Student-athletes to hold “UNIty” march
Oct 8, 2020
This Friday, Oct. 9 at 6:40 a.m., UNI student-athletes in cooperation with Minority Student-Athlete Leadership Team (MSALT) and the Student-Athlete Advisory Committee (SAAC) will be holding a peaceful march in protest to racism and police brutality. The march, referred to as a “UNIty walk,” will hold the theme of We Rise As One and will commence at exactly at 7:17 a.m. at sunrise on Friday. The event is scheduled to begin at the south side of the McLeod Center and will conclude at the campanile at the center of UNI’s campus. It was planned by UNI student-athletes in cooperation with the UNI Athletics Department.

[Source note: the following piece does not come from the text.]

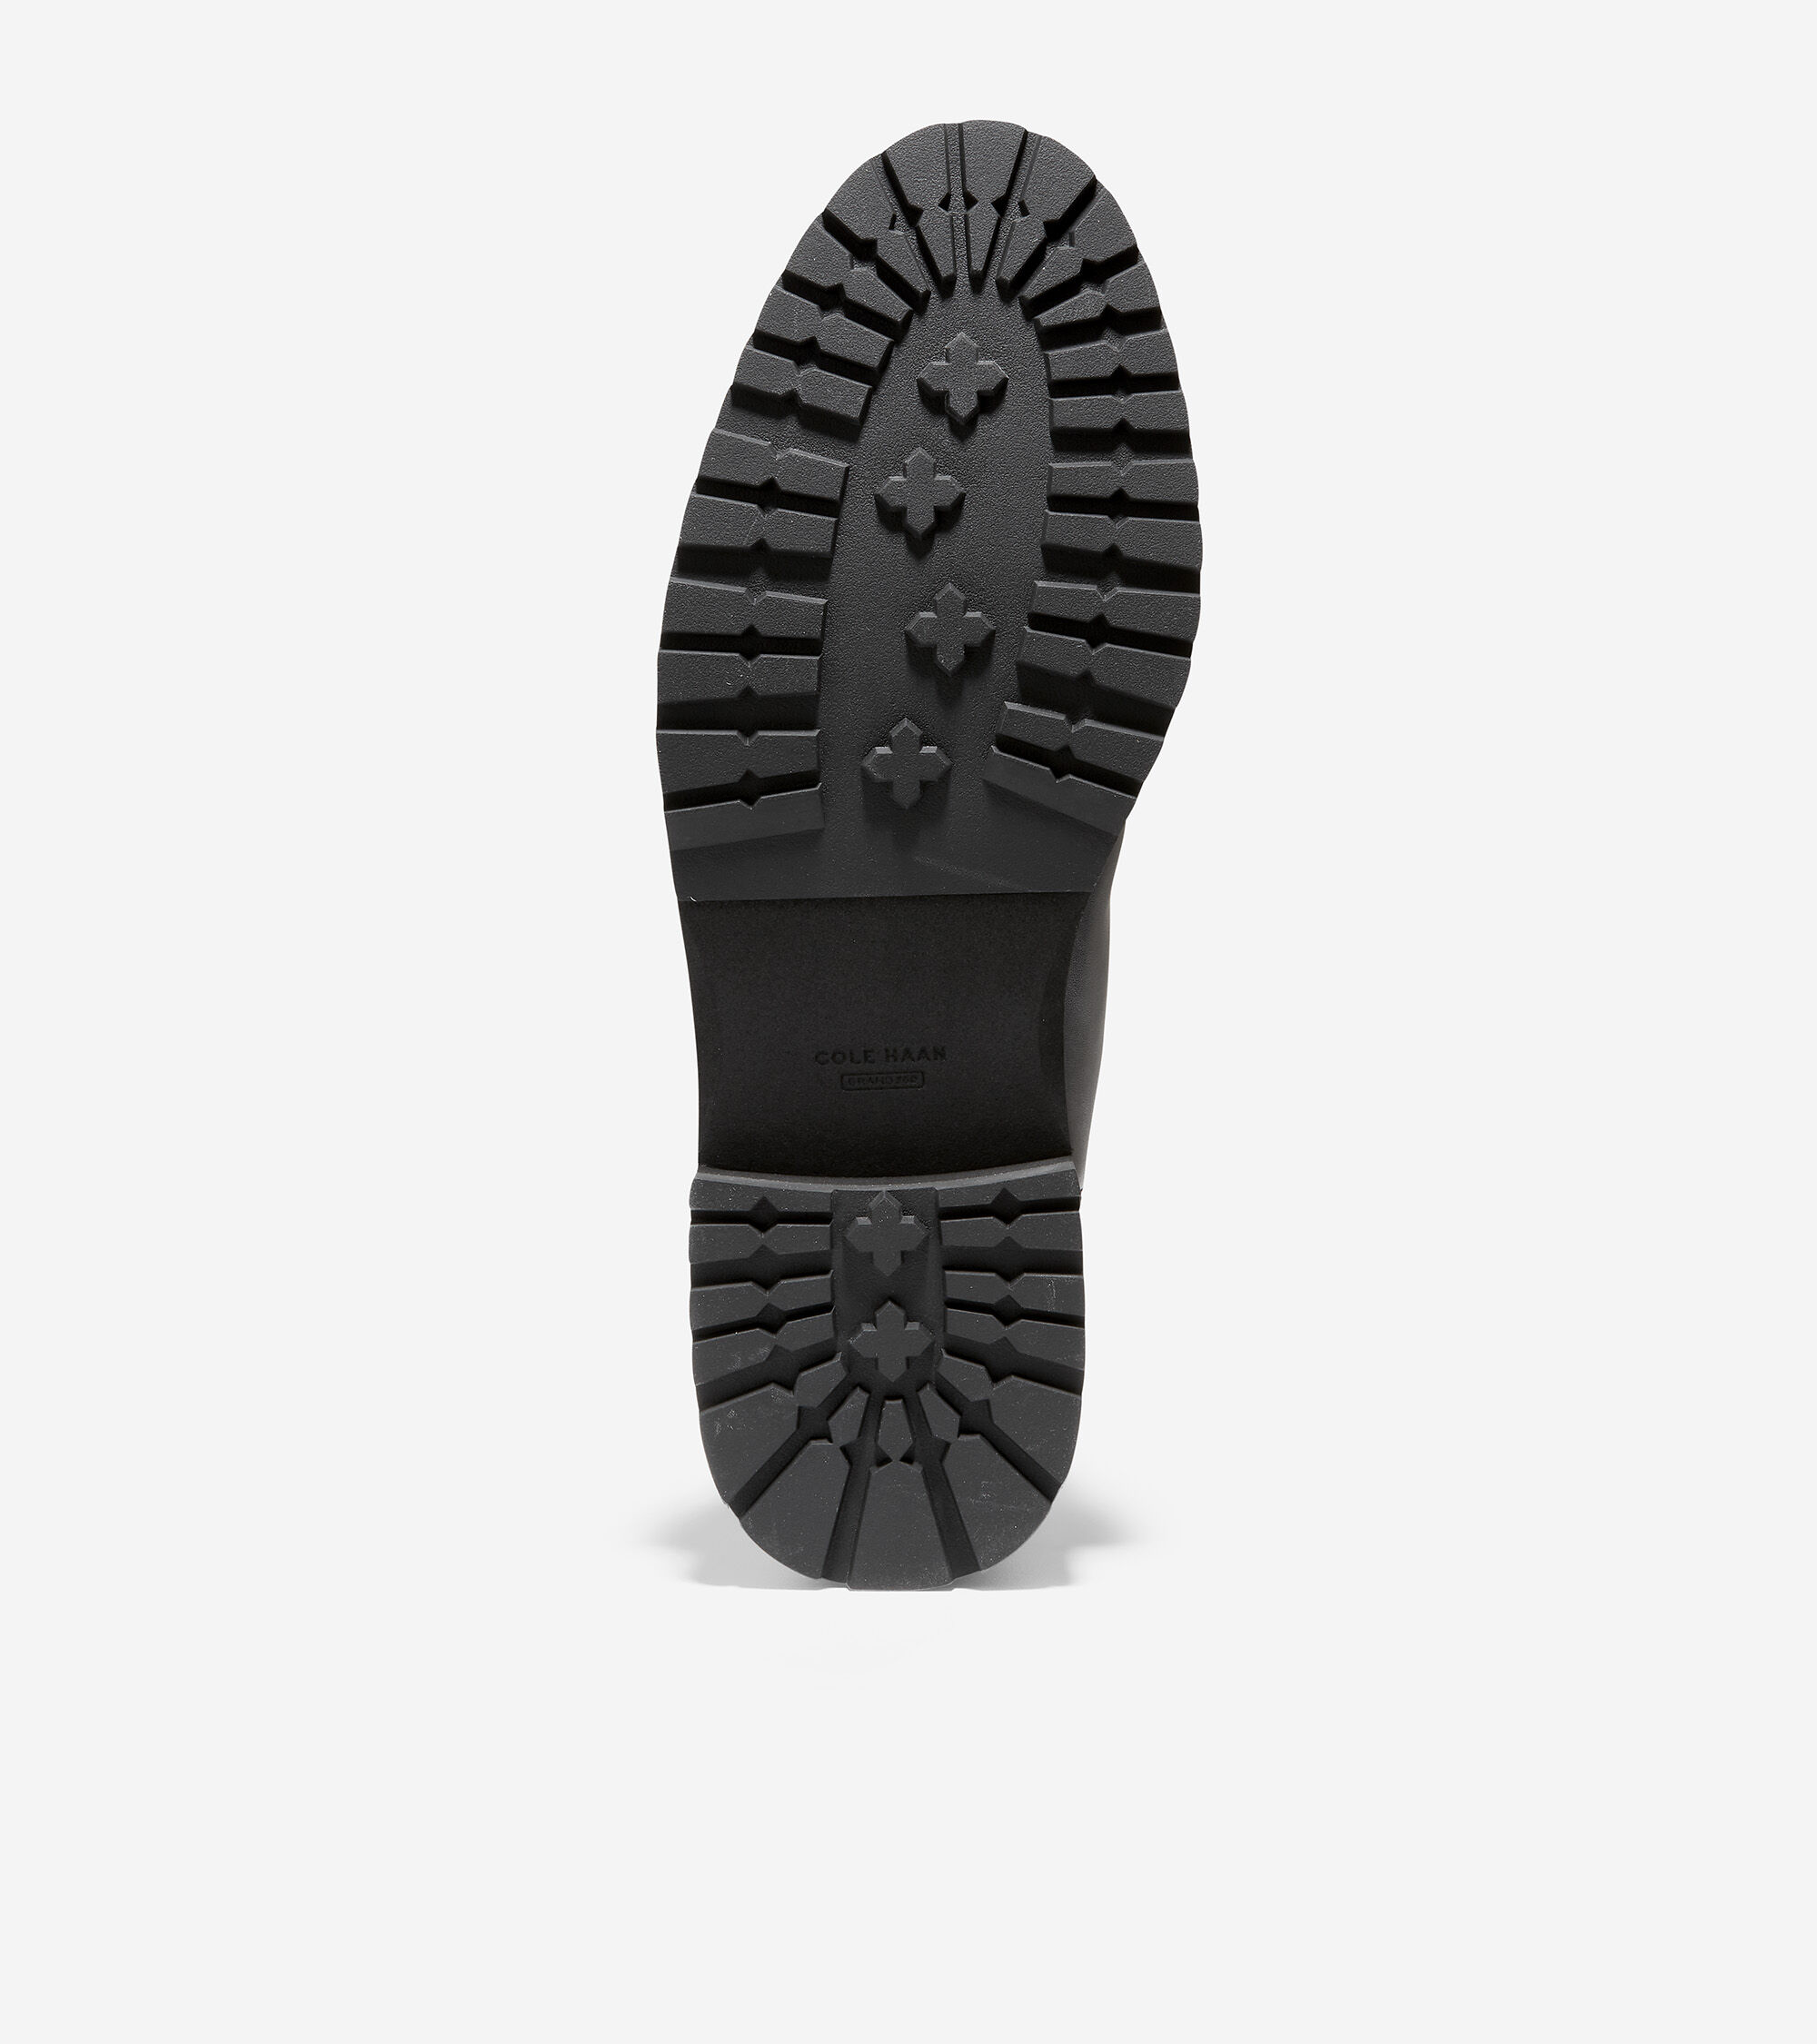 discount 86% NoName boots Black 36                  EU WOMEN FASHION Footwear Waterproof Boots 
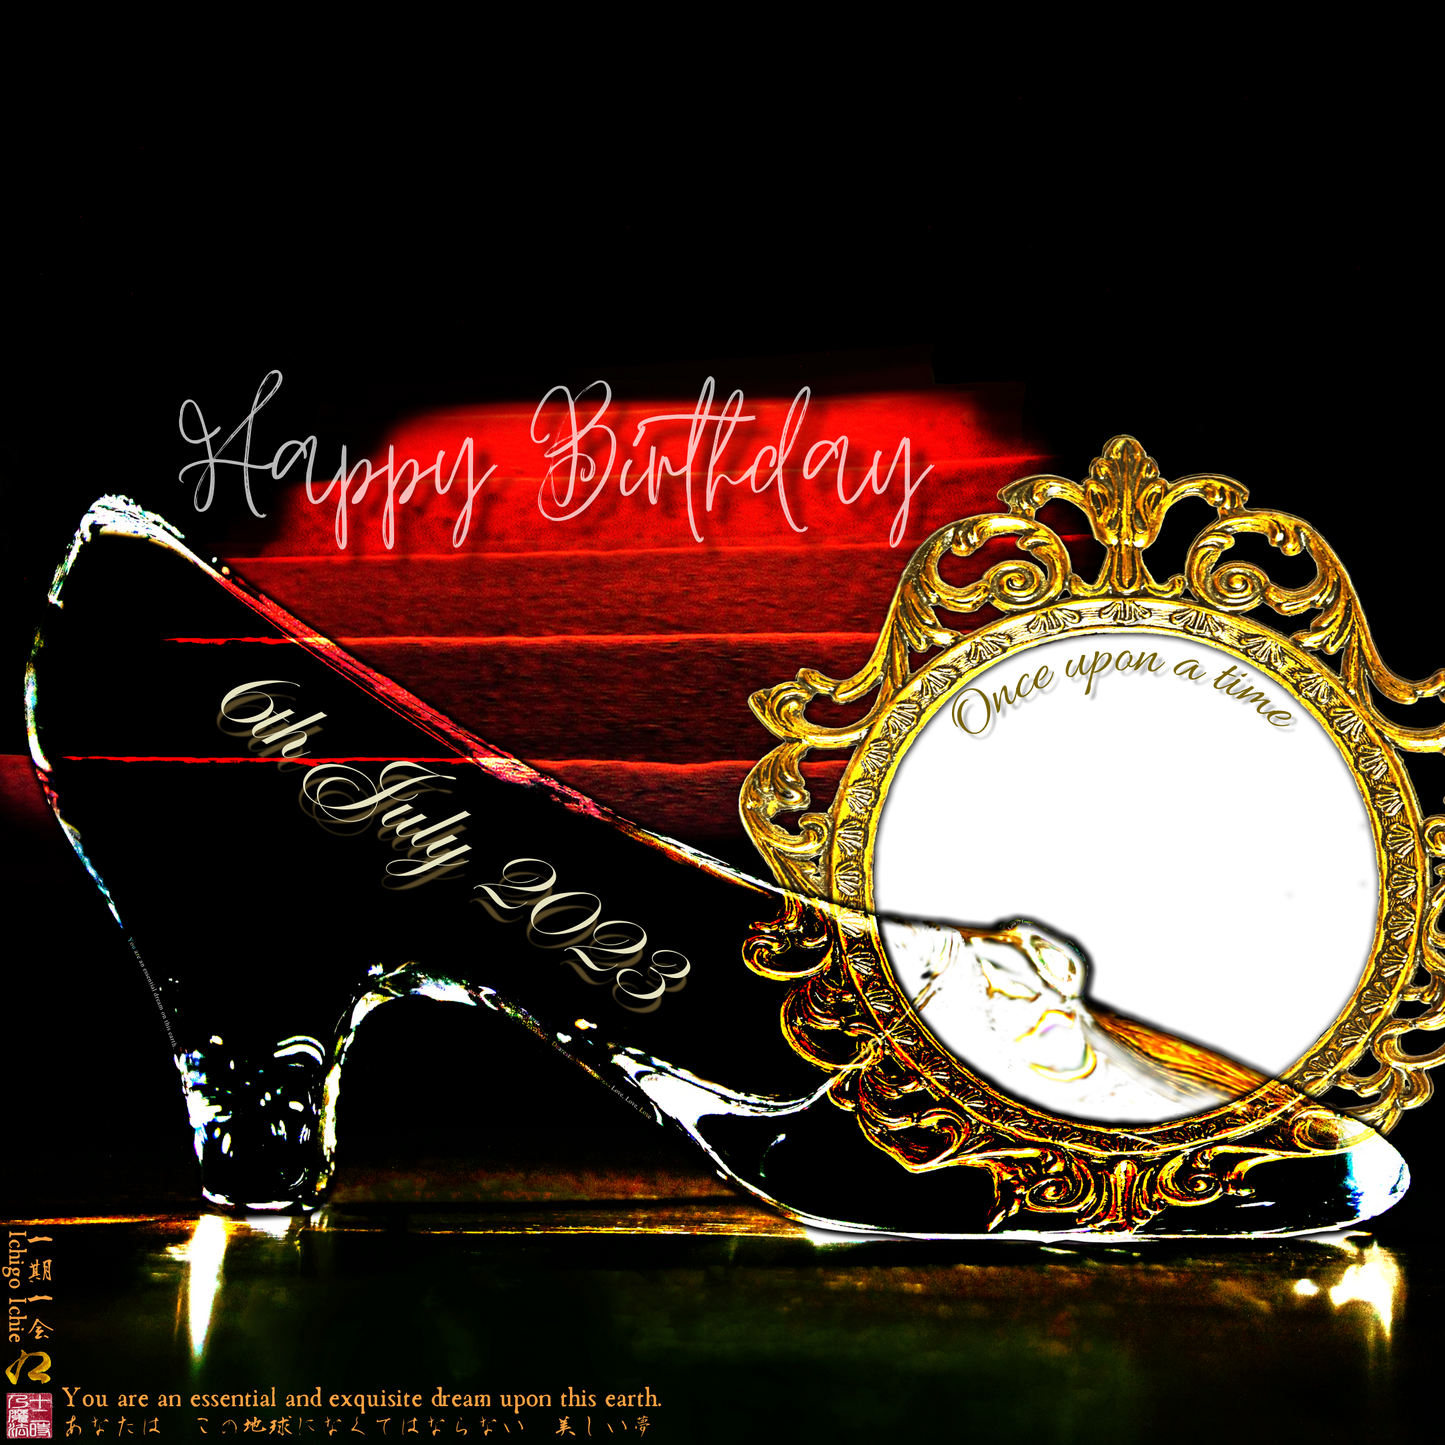 Happy Birthday Glass Slipper "Ichigo Ichie" 6th July 2023 the Right (1-of-1) NFT Art

While the event will be held by UNI student-athletes, it will be open to anyone who would like to peacefully march in protest of social injustice. Event participants are expected to wear face coverings and to properly social distance throughout the course of the event.
UNI student-athletes from all across the athletics realm have been eager to speak up against injustice and to protest alongside their teammates and the greater campus community. Multiple student-athletes spoke about the event in a press release through UNI Athletics.
“We are out there fighting together on the field, going to battle with these guys every day in practice,” said UNI senior linebacker Alfonzo Lambert. “It is a big thing to me that my teammates will stand next to me off of the field, too. The relationships you make are lifelong friendships. They are deeper than football.”
“We are tired of what is going on,” UNI men’s basketball junior Austin Phyfe said. “We’ve been doing all we can to educate ourselves and work through that part of the process, but we are at a point we can’t sit back any longer. We want to go out into the community, do something to make a change and let everyone know that the student-athletes at UNI care about what is happening, and we want to do something to make a change.”
The UNIty march comes in response to growing unrest in the country regarding social injustice and police brutality. UNI student-athletes are not the only athletes using their platform to protest, as many players, coaches and organizations from college to the pros have been protesting in the year 2020.